■ **Aim of the exercise**:
Locate "Reyher Sechskantschraube 100er" in the listing. Transcribe the line that contains it and every line that follows, through the last, omitting all pictures.

■ **Provided data**:
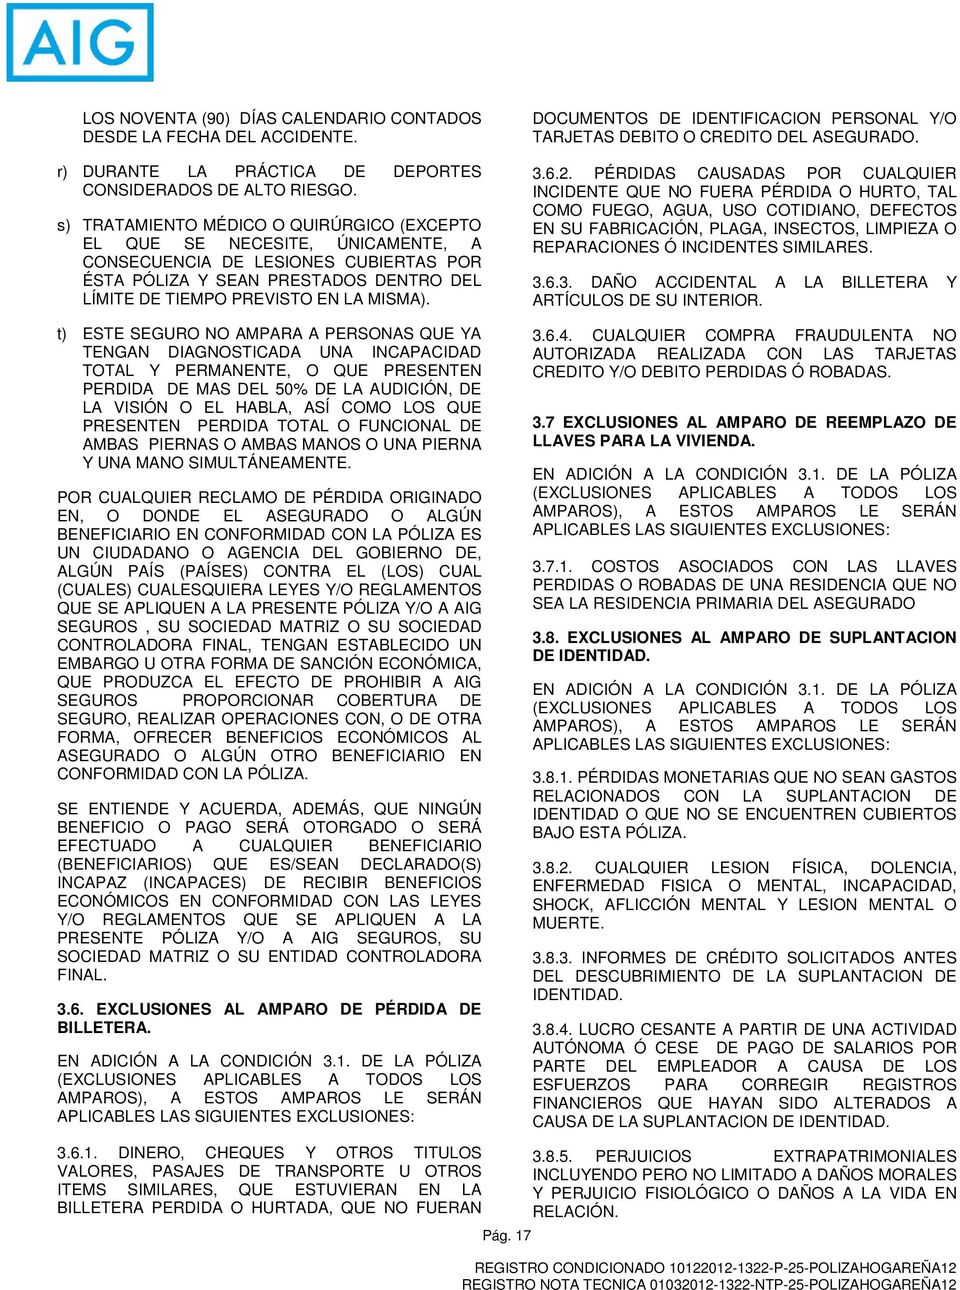 DOCUMENTOS DE IDENTIFICACION PERSONAL Y/O TARJETAS DEBITO O CREDITO DEL ASEGURADO. 3.6.2.
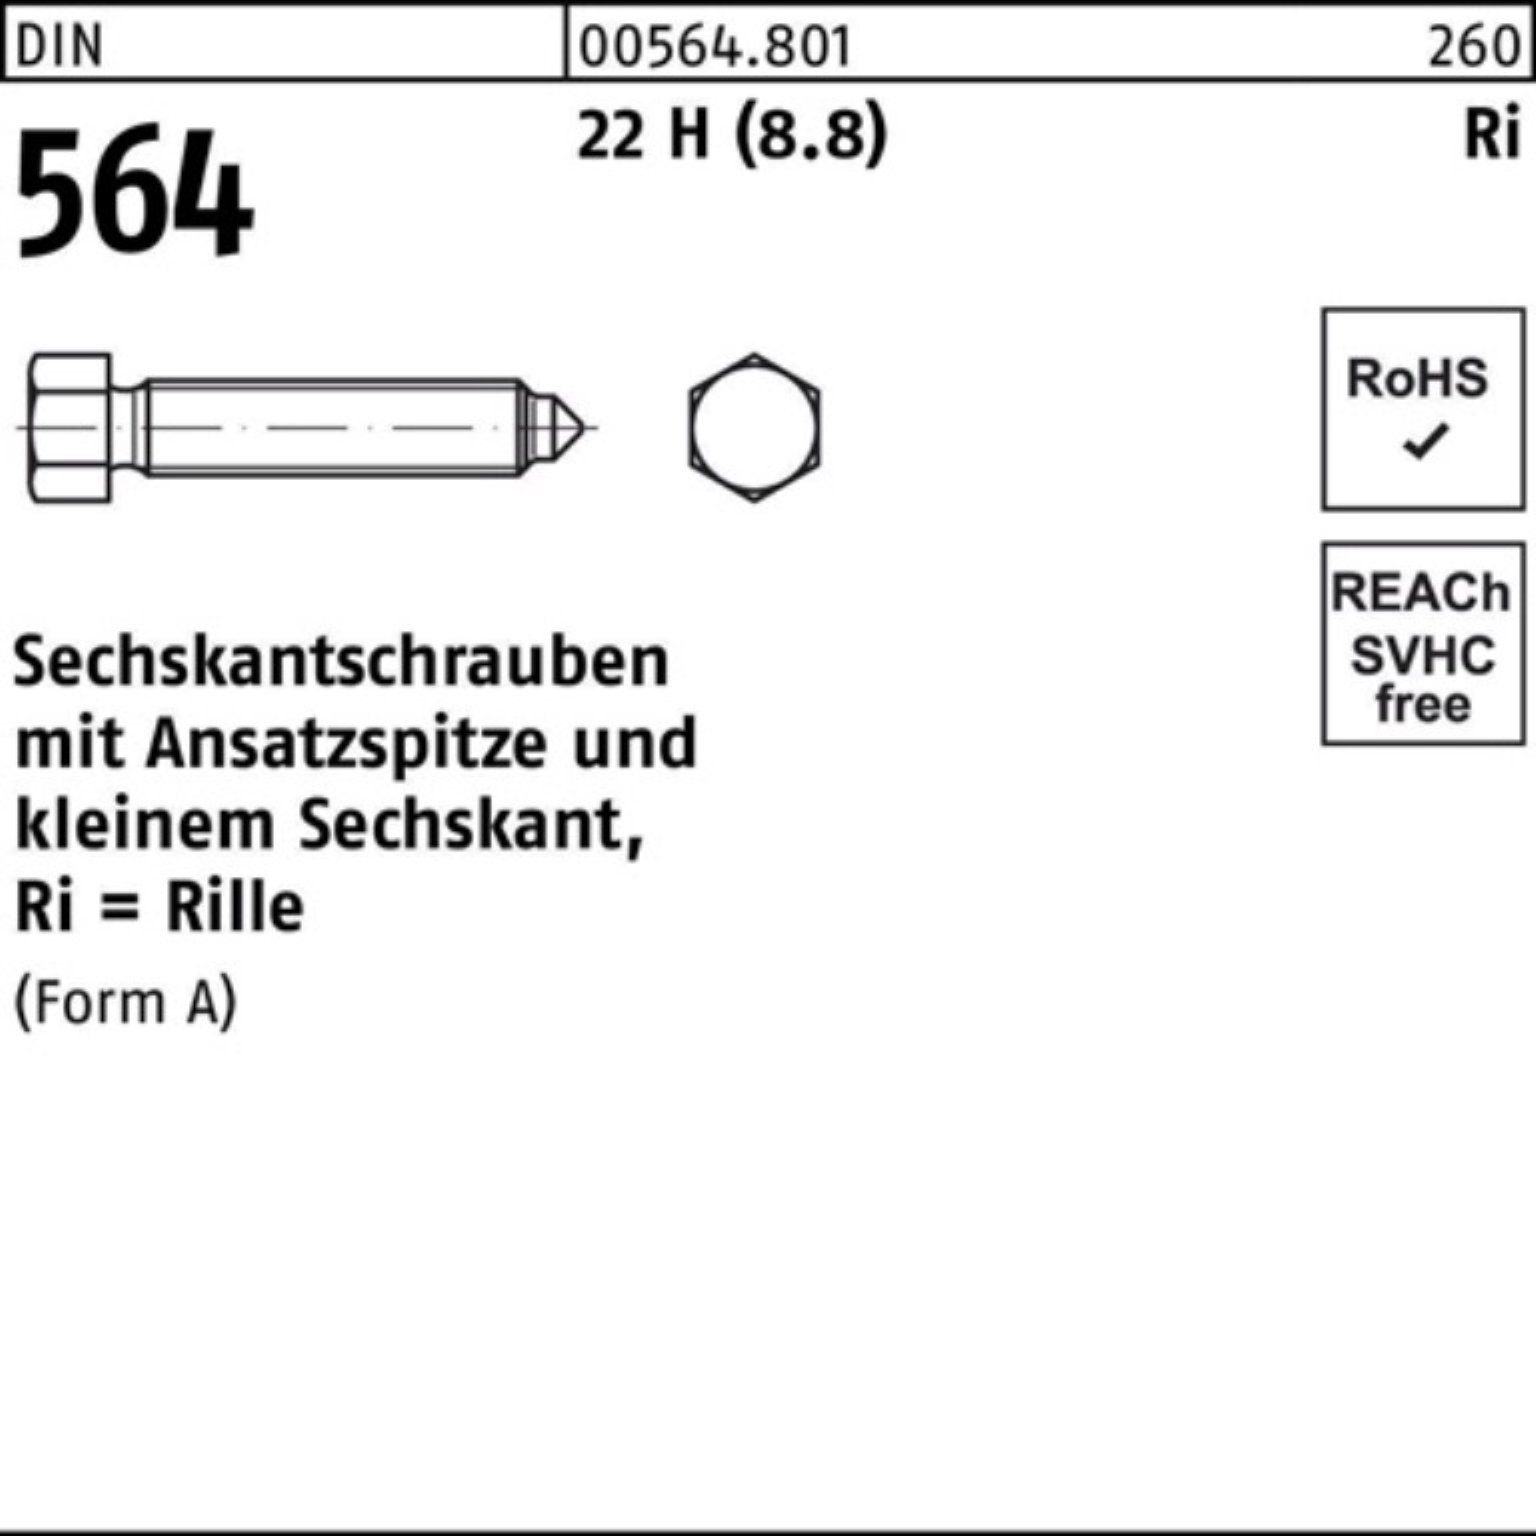 Reyher Sechskantschraube 100er Pack Sechskantschraube DIN 564 Ansatzspitze AM 10x 50 22 H (8.8)
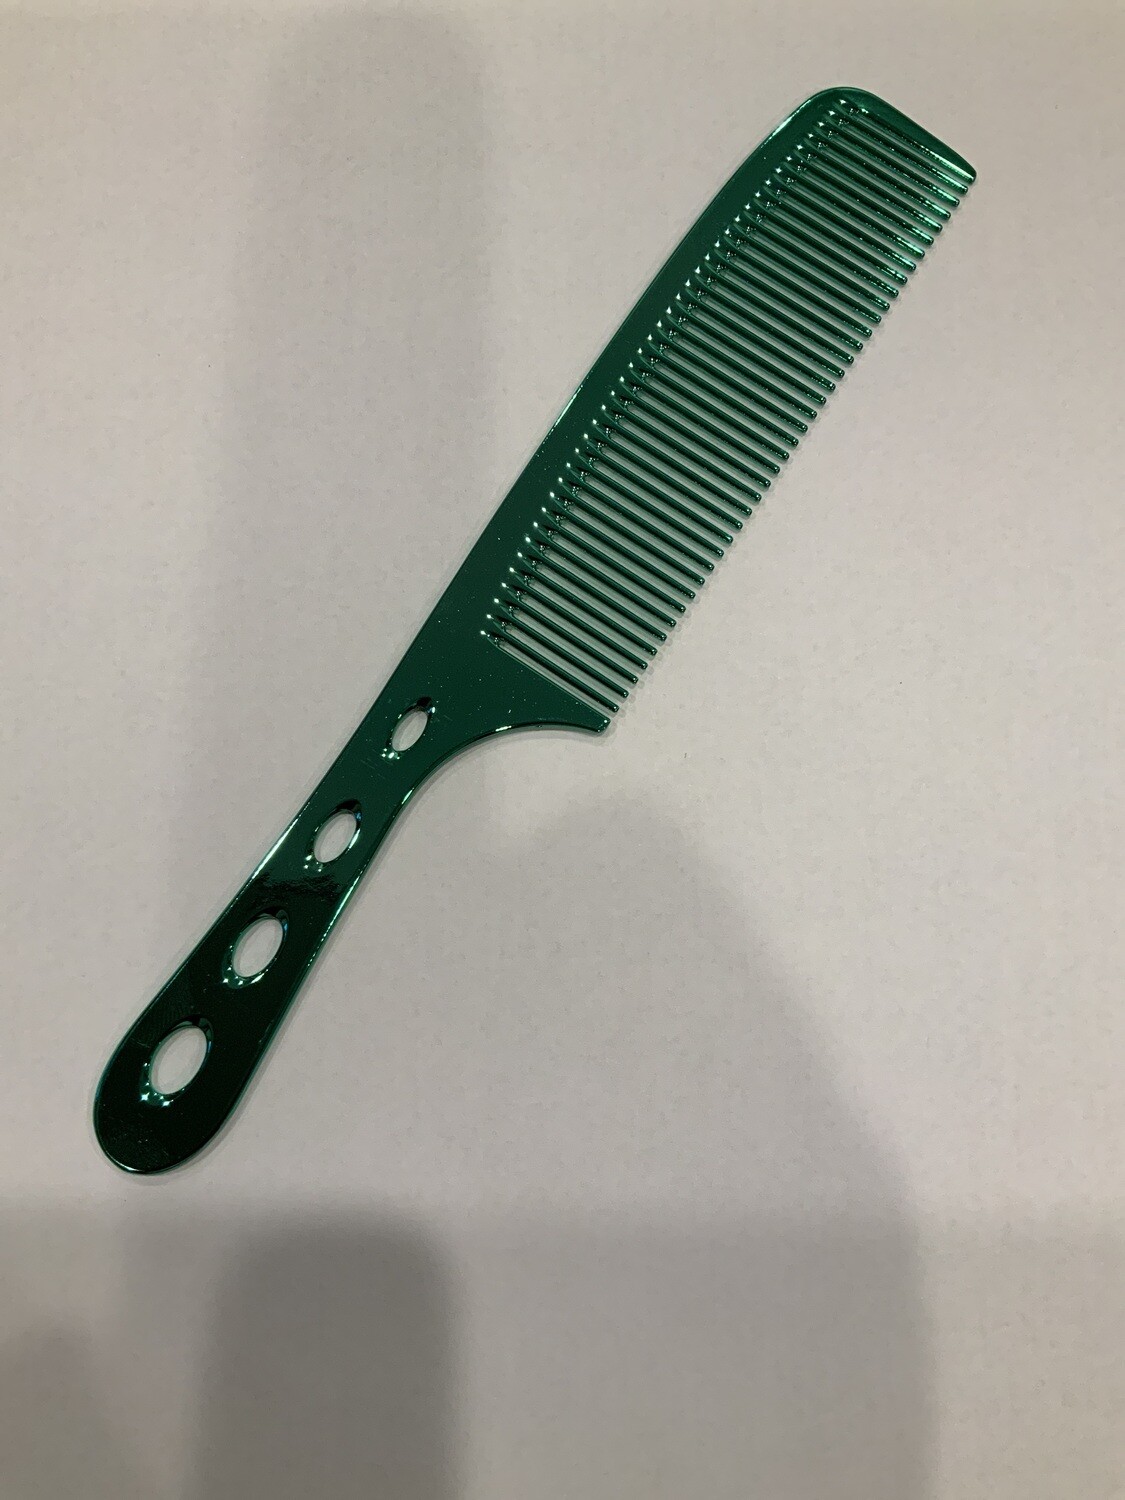 Dk steel comb green
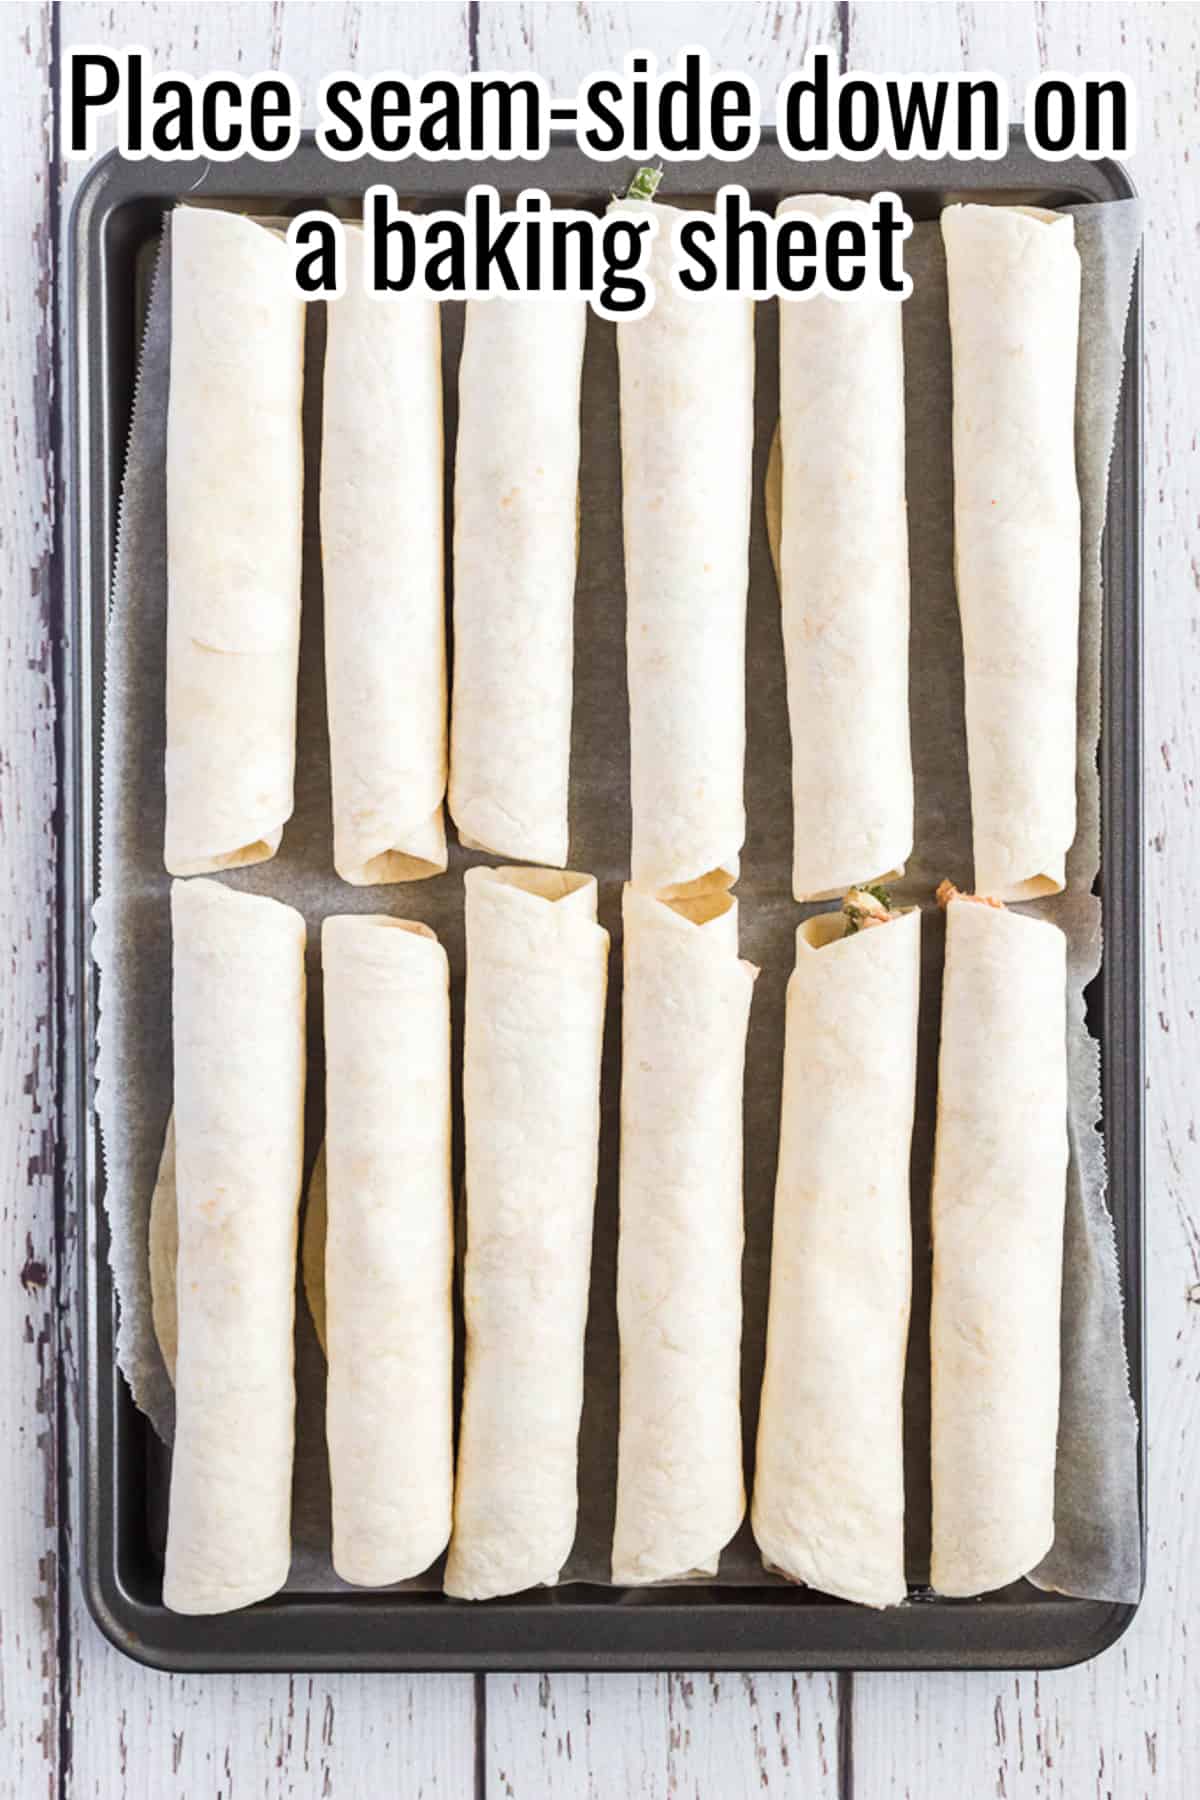 unbaked tortillas on a baking sheet.
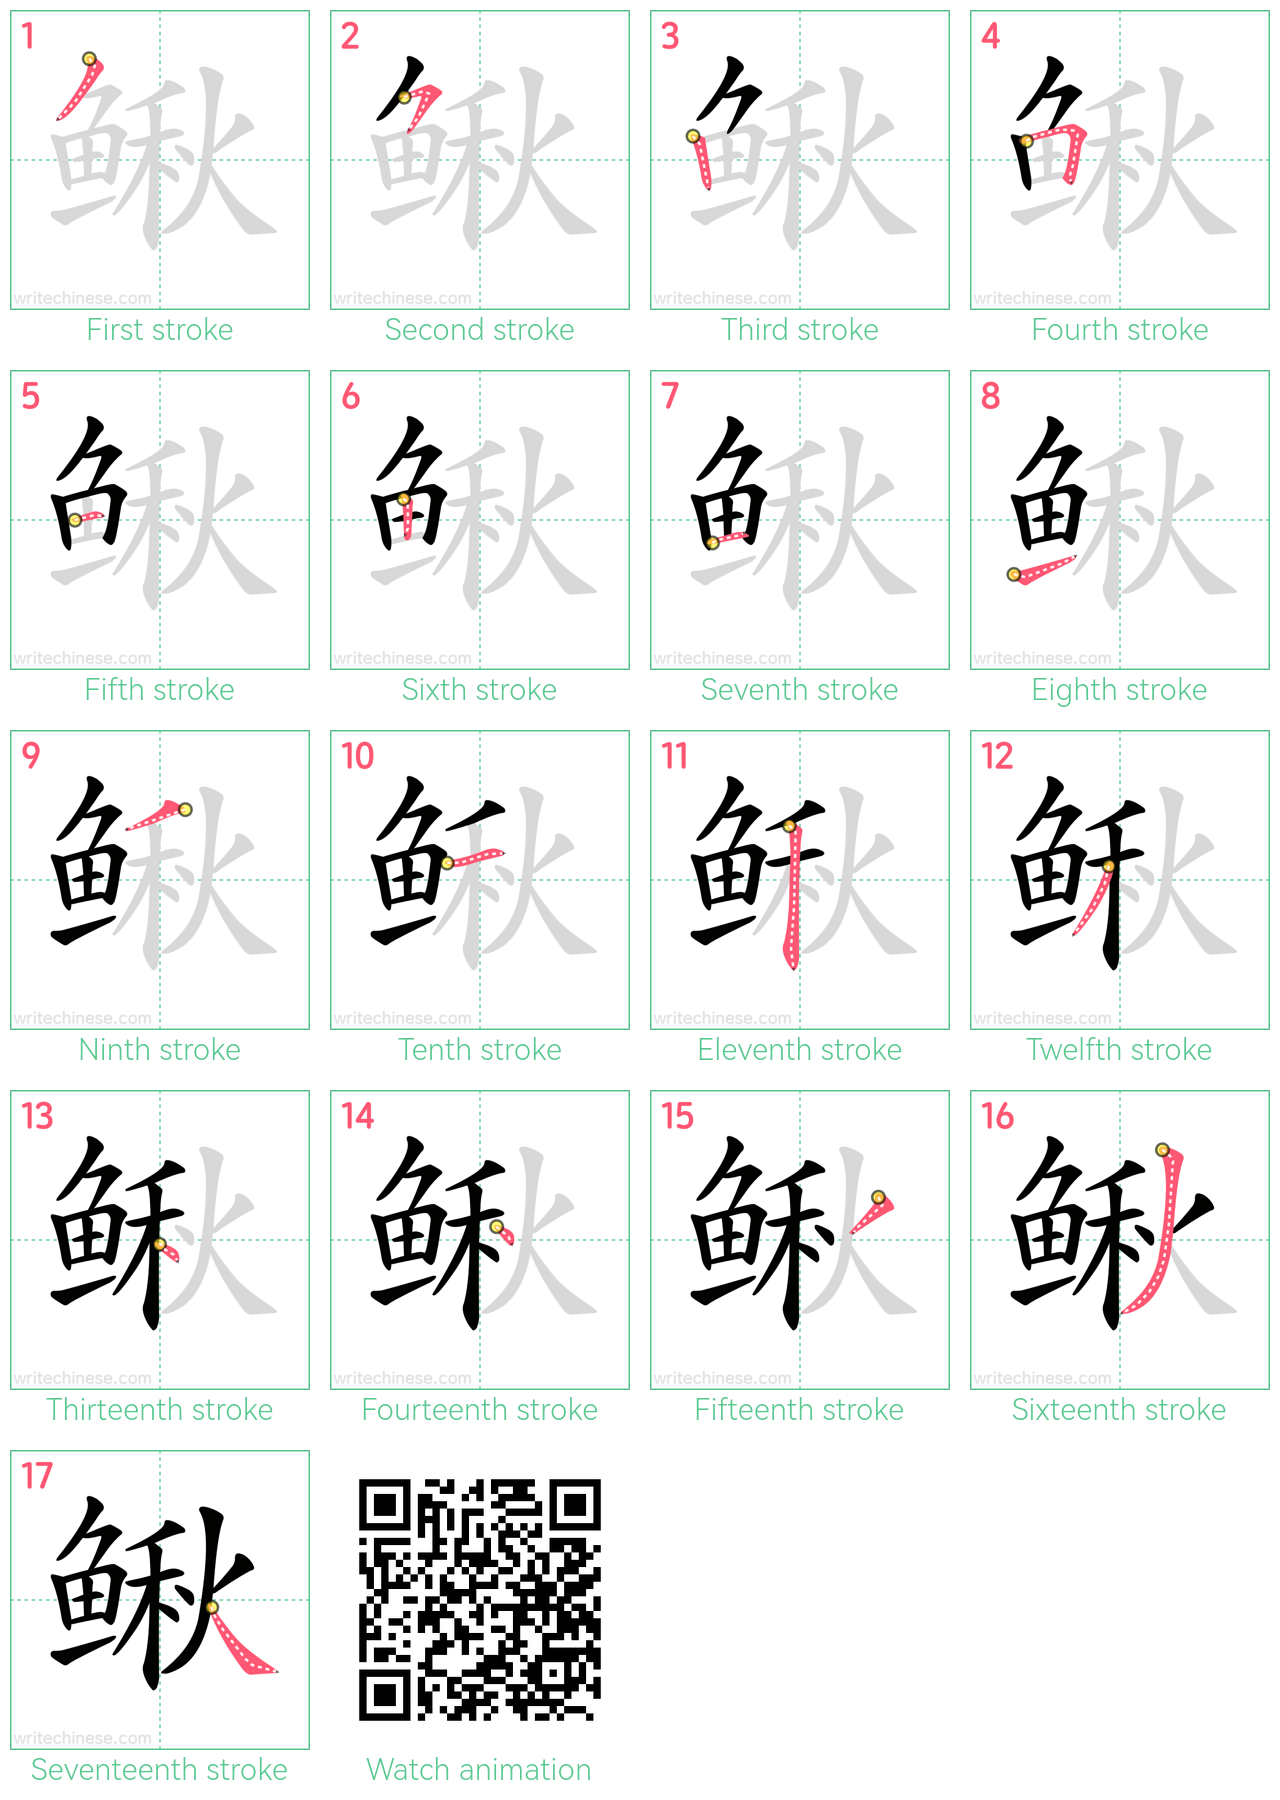 鳅 step-by-step stroke order diagrams

■ **Result of the task**:
 Reyher Sechskantschraube 100er Pack Sechskantschraube DIN 564 Ansatzspitze AM 10x 50 22 H (8.8)
 Dk steel comb green
 unbaked tortillas on a baking sheet.
 鳅 step-by-step stroke order diagrams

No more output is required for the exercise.